- _Given data_:

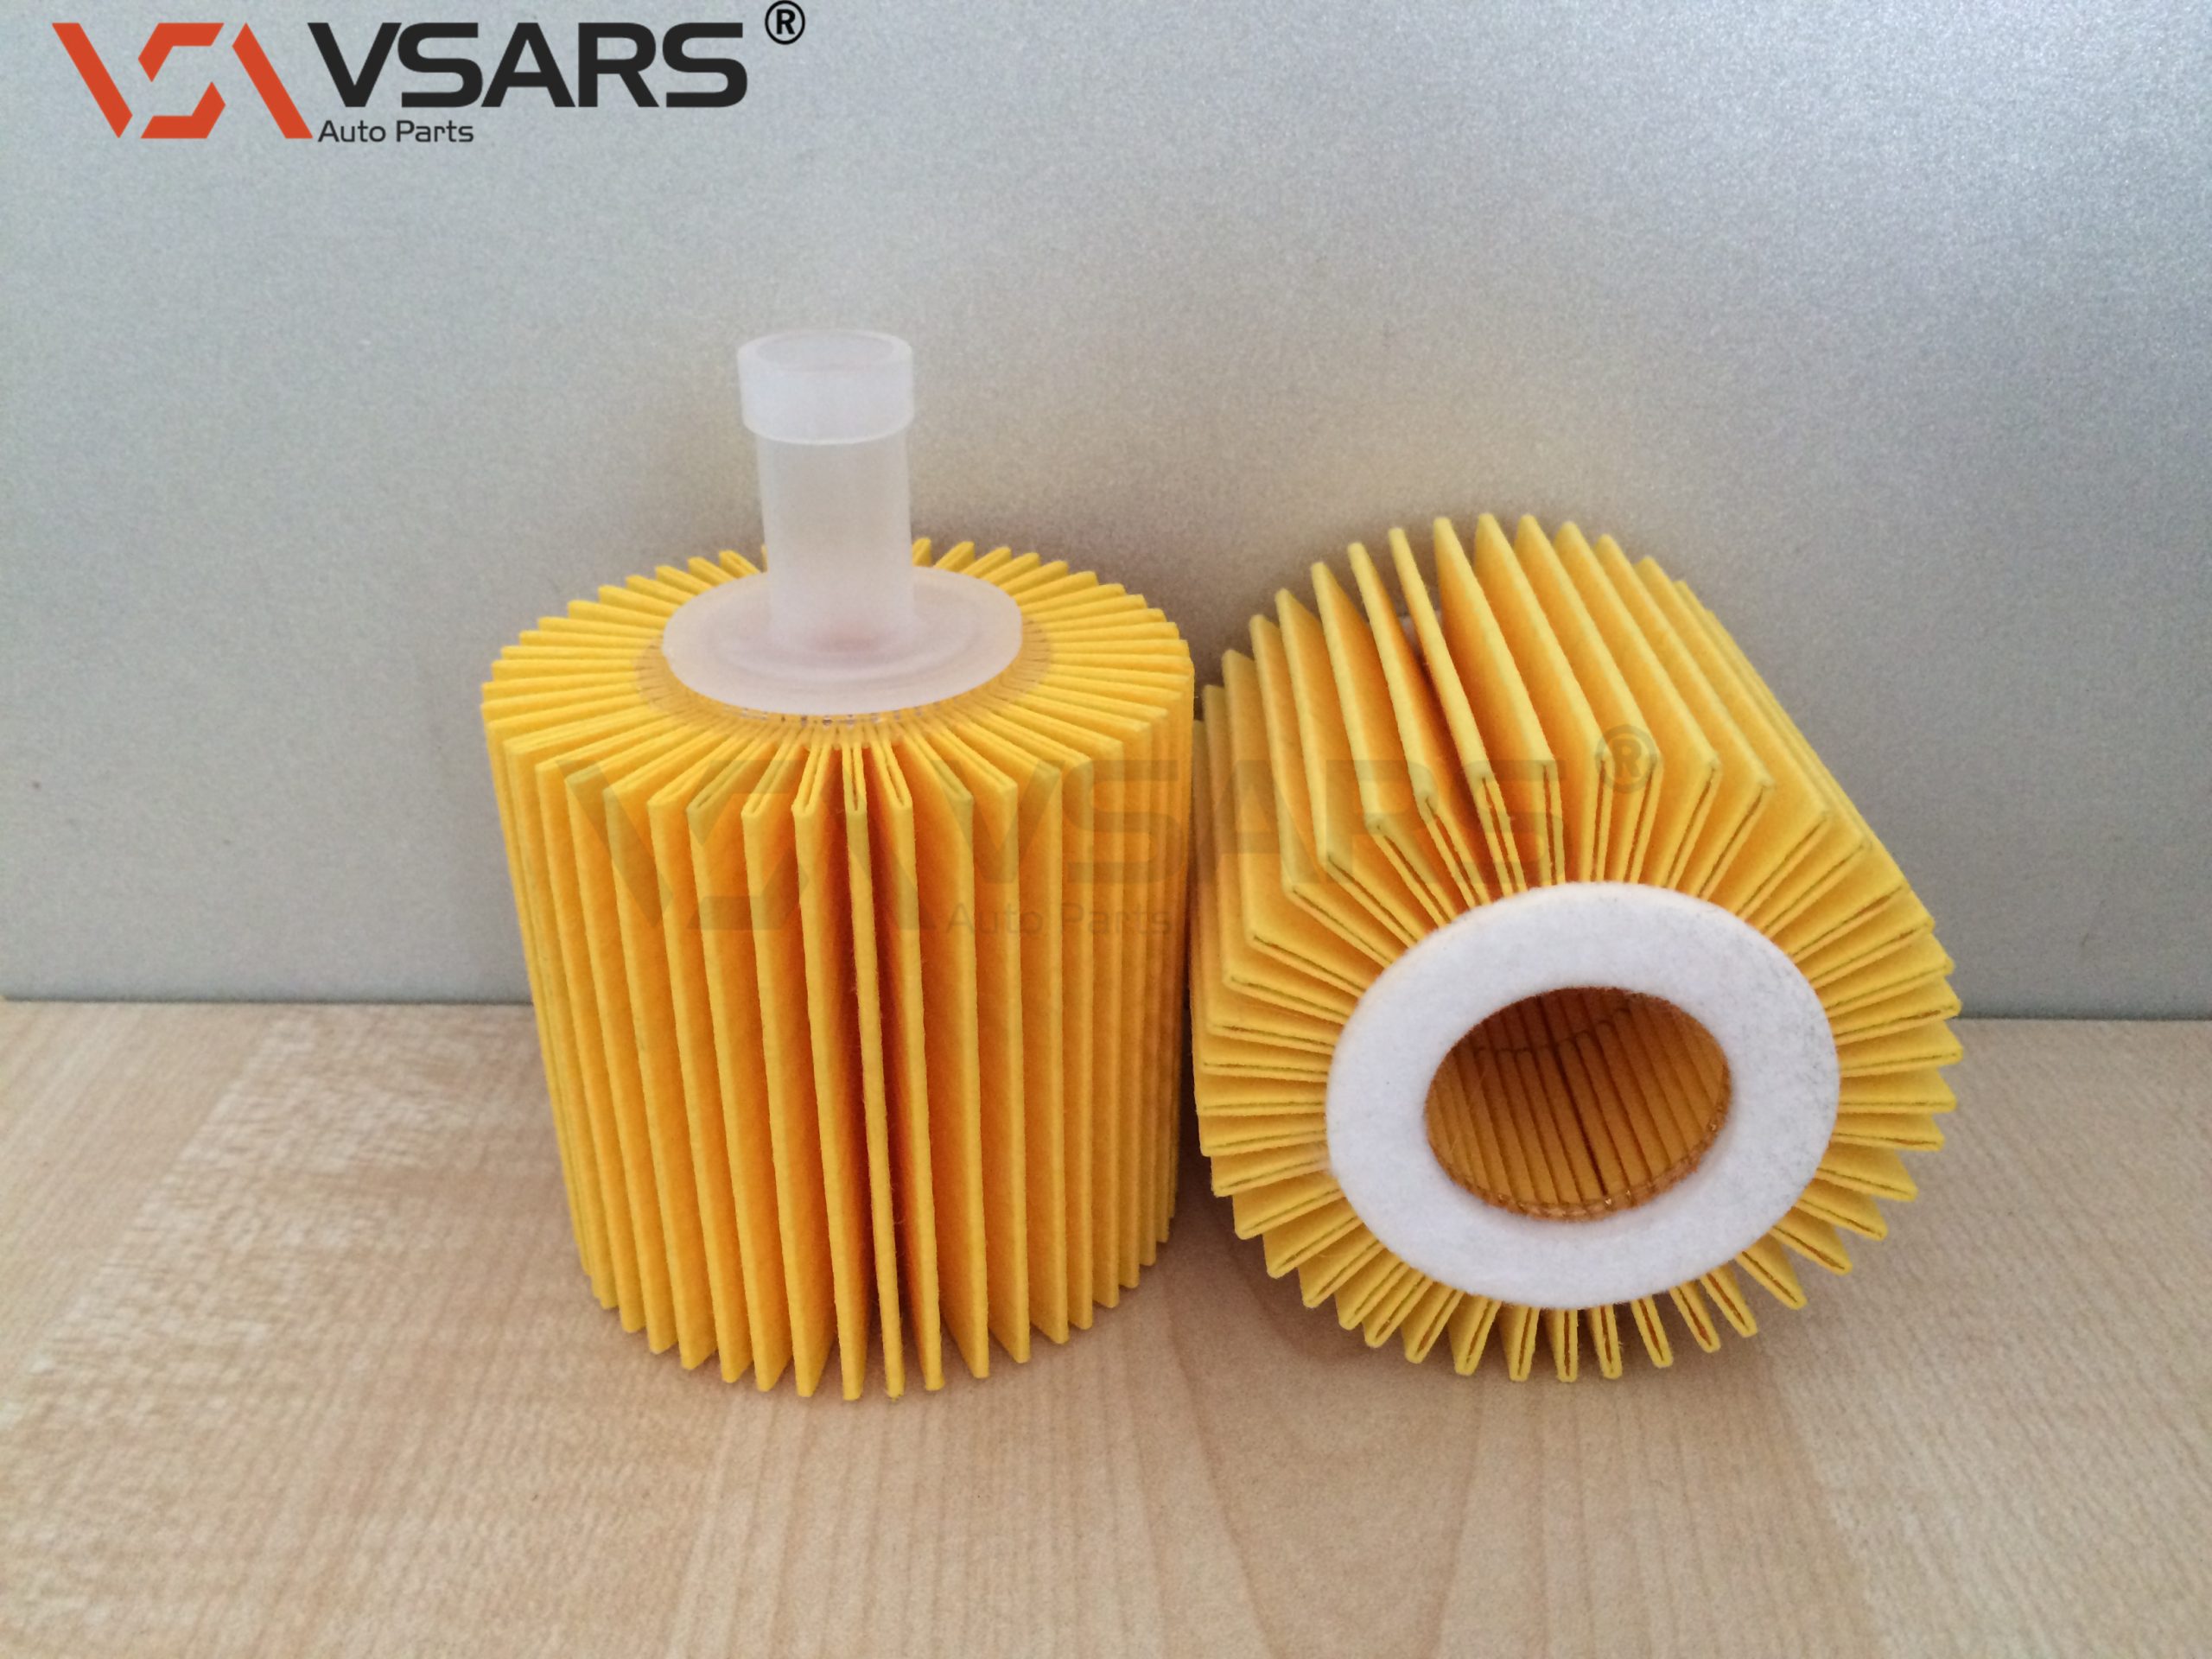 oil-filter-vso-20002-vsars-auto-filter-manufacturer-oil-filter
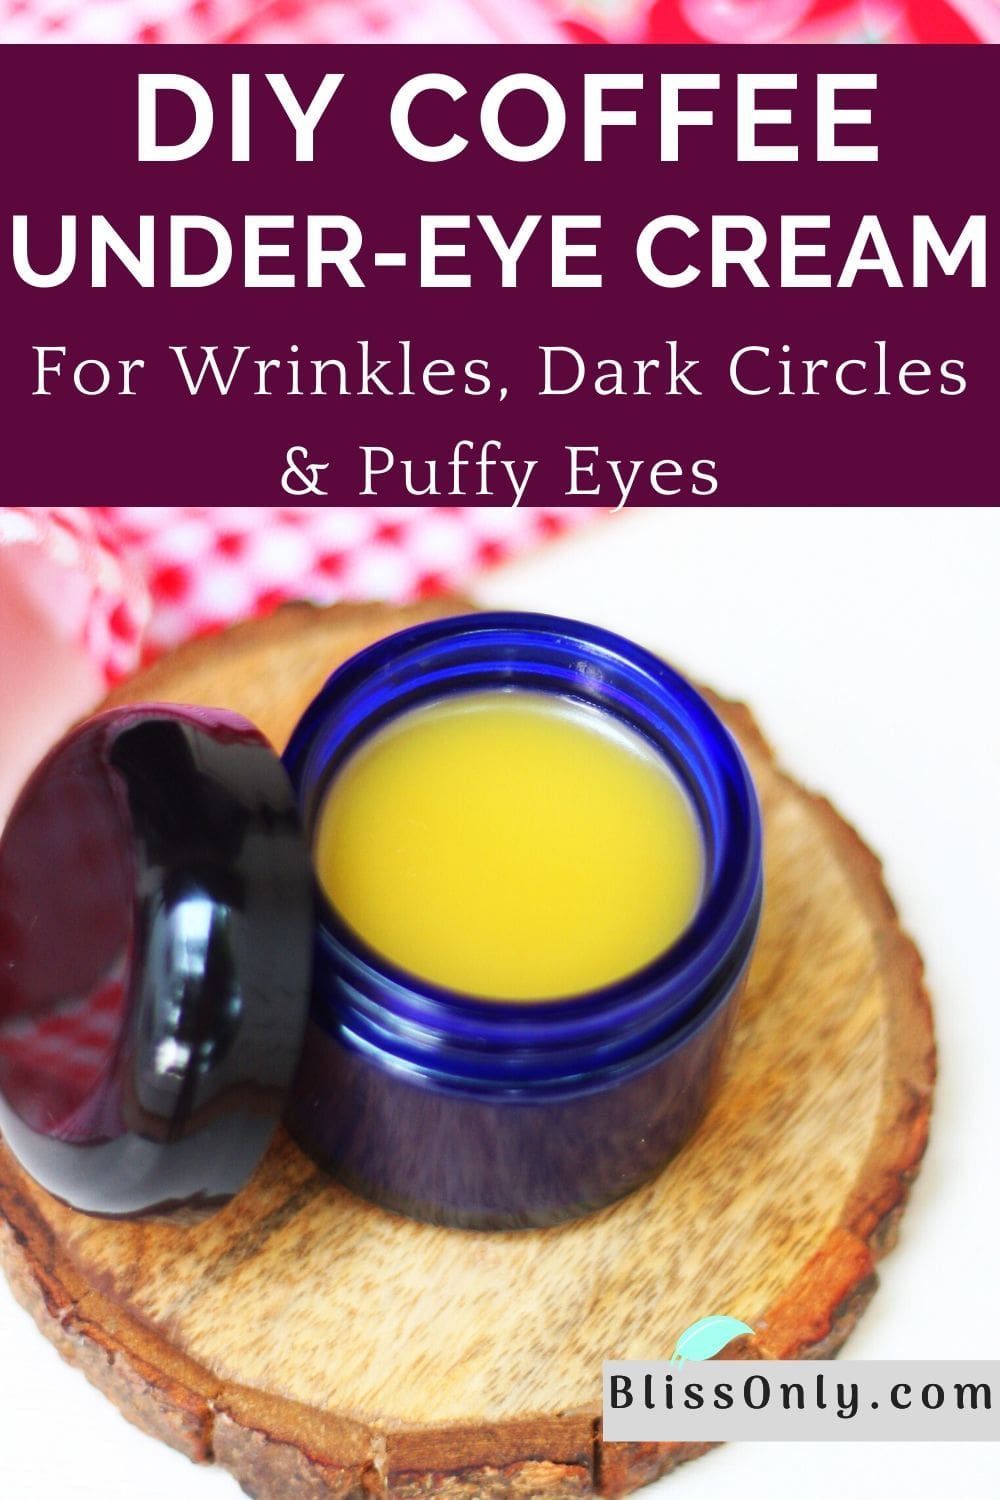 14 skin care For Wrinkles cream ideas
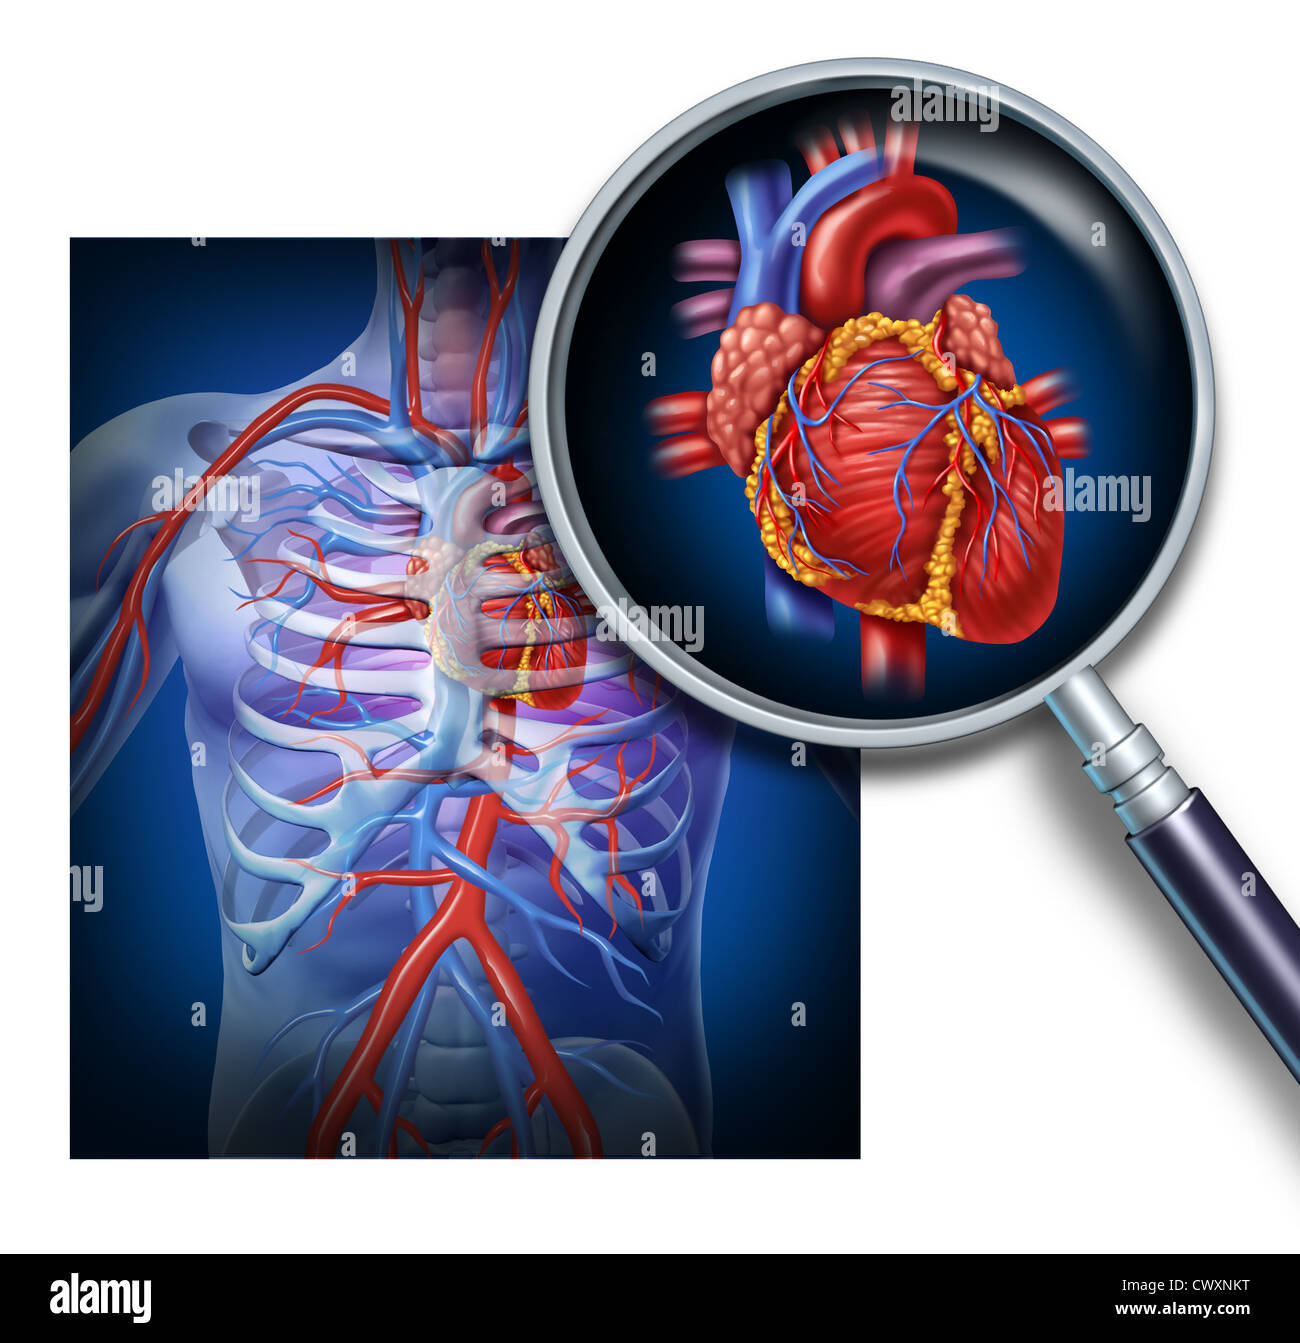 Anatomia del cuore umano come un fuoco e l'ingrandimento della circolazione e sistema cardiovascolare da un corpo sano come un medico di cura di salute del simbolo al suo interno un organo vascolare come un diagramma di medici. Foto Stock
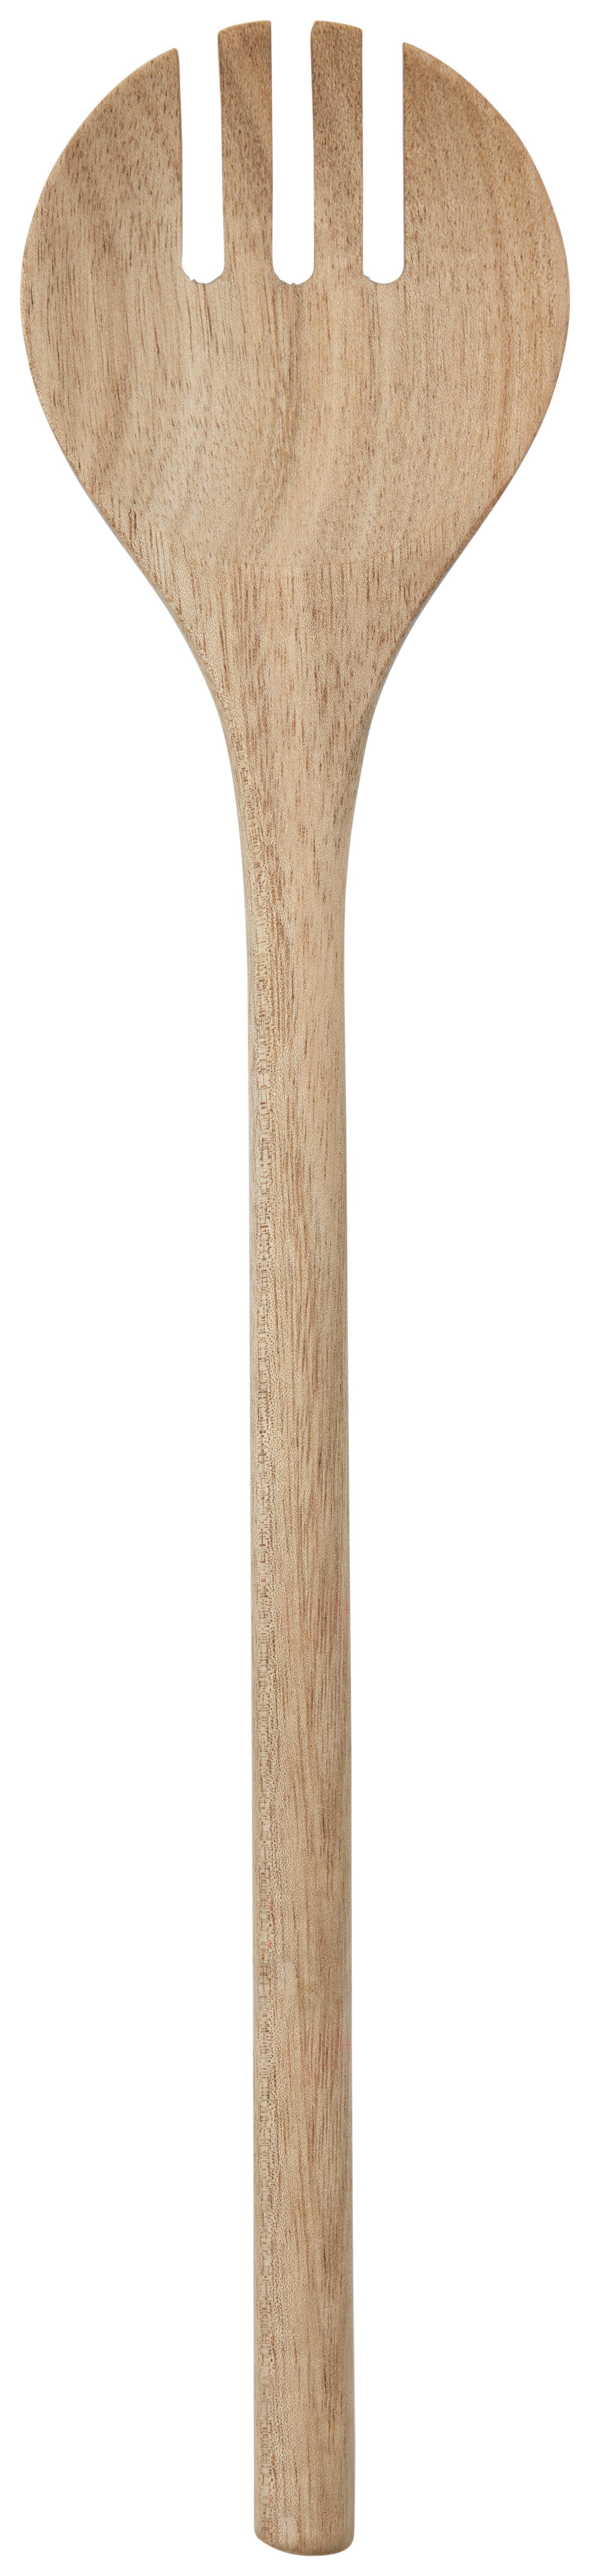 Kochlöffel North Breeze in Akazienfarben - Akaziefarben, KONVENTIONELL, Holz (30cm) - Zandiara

- _Task statement_: Every line of the material above must be written out exactly, with no pictures.

- _Expected answer_:
 oil-filter-vso-20002-vsars-auto-filter-manufacturer-oil-filter
 14 skin care For Wrinkles cream ideas
 Anatomia del cuore umano come un fuoco e l'ingrandimento della circolazione e sistema cardiovascolare da un corpo sano come un medico di cura di salute del simbolo al suo interno un organo vascolare come un diagramma di medici. Foto Stock
 Kochlöffel North Breeze in Akazienfarben - Akaziefarben, KONVENTIONELL, Holz (30cm) - Zandiara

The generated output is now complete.